Hoyt's New Cyclopedia Of Practical Quotations
- Quotes reported in Hoyt's New Cyclopedia Of Practical Quotations (1922), p. 696.
- As I walk'd by myself, I talk'd to myself
And myself replied to me;
And the questions myself then put to myself,
With their answers I give to thee.- Barnard Barton, Colloquy with Myself.
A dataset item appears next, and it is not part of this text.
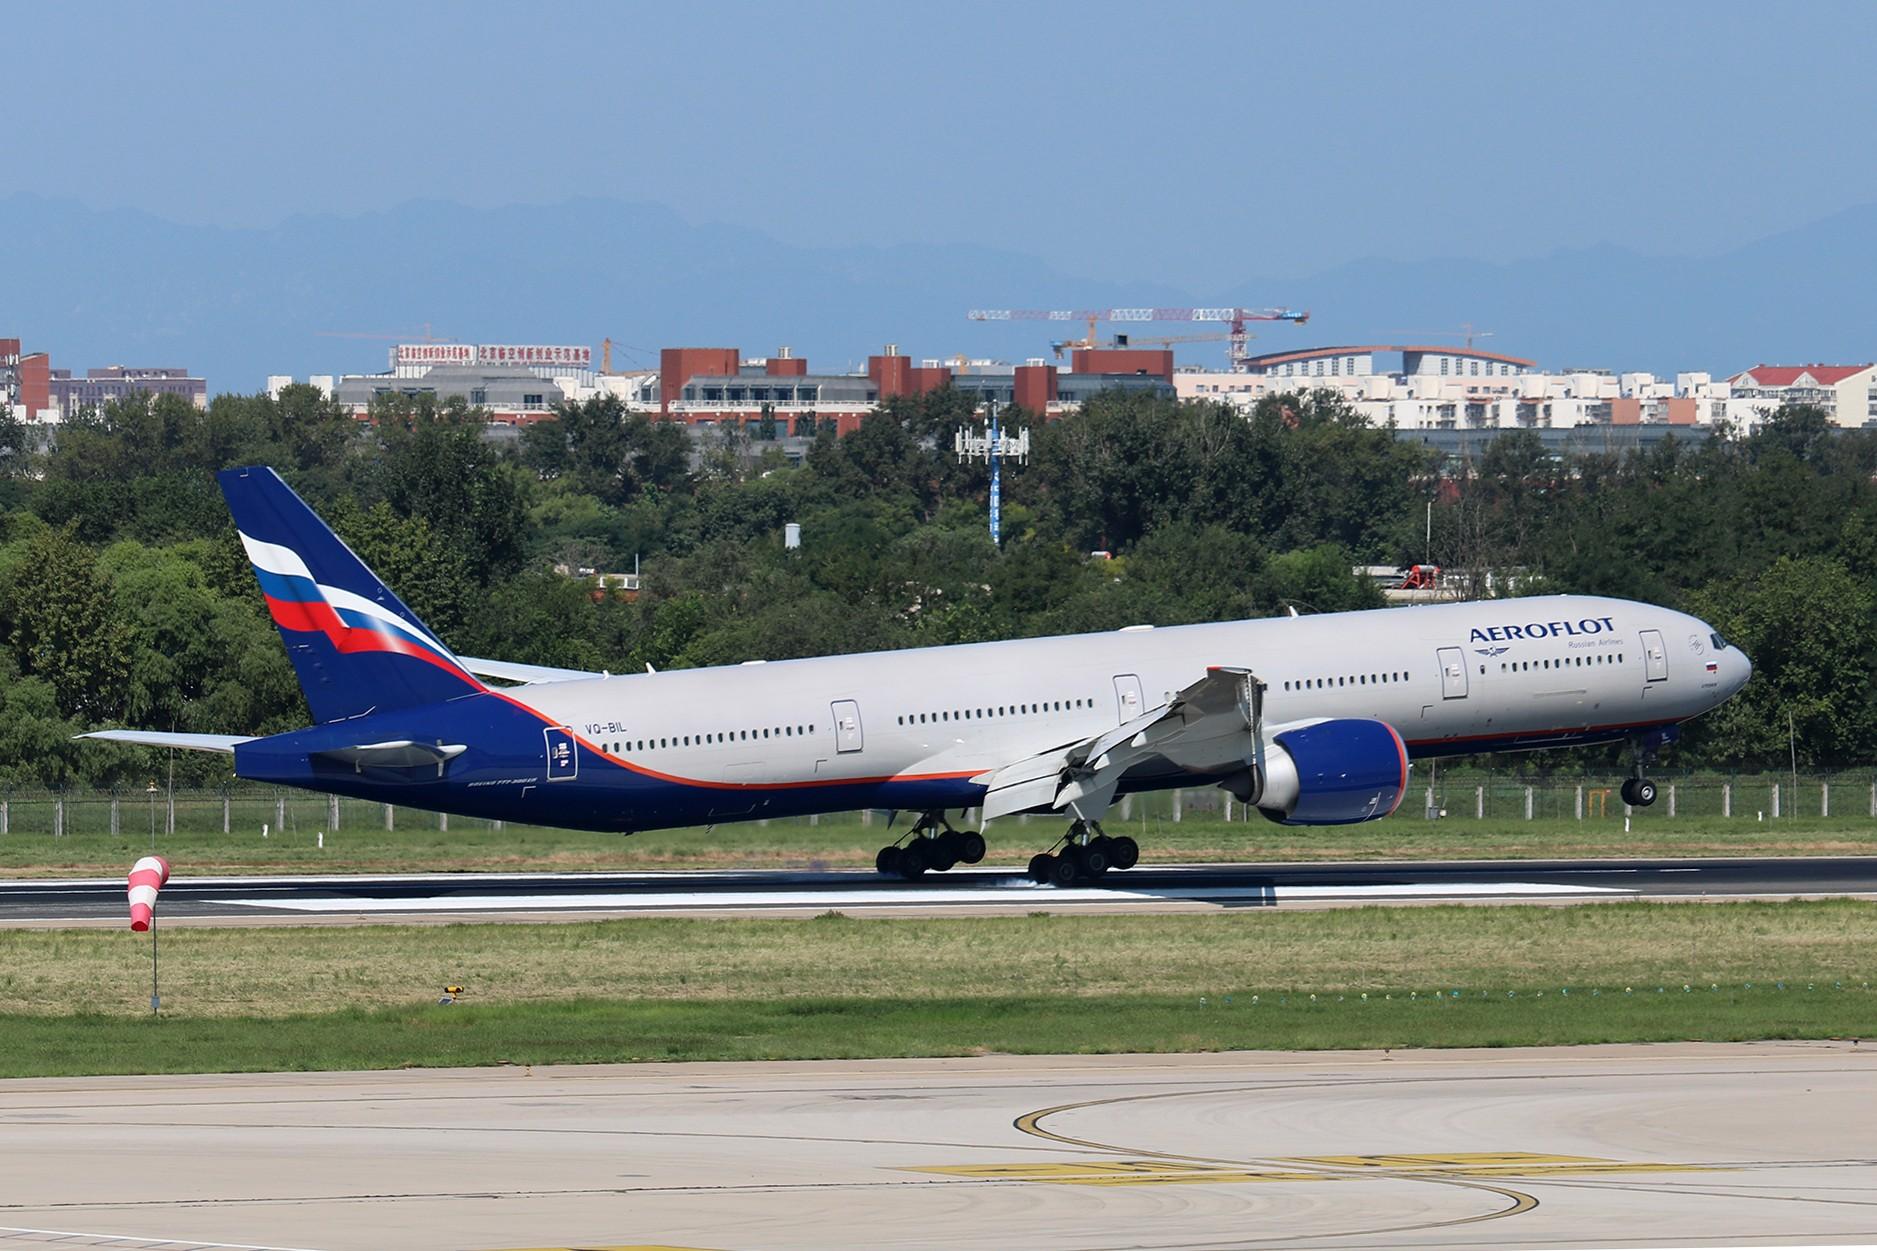 Re:[原创]LIULIU|【PEK】36L降落一组Ⅳ|擦烟 BOEING 777-300ER VQ-BIL 中国北京首都国际机场

Appeared in Youth's Instructor (Dec., 1826).
- Summe up at night what thou hast done by day;
And in the morning what thou hast to do.
Dresse and undresse thy soul; mark the decay
And growth of it; if, with thy watch, that too
Be down then winde up both; since we shall be
Most surely judg'd, make thy accounts agree.- George Herbert, The Temple, The Church Porch, next to last stanza.
- Let not soft slumber close your eyes,
Before you've collected thrice
The train of action through the day!
Where have my feet chose out their way?
What have I learnt, where'er I've been,
From all I've heard, from all I've seen?
What have I more that's worth the knowing?
What have I done that's worth the doing?
What have I sought that I should shun?
What duty have I left undone,
Or into what new follies run?
These self-inquiries are the road
That lead to virtue and to God.- Isaac Watts, Self Examination.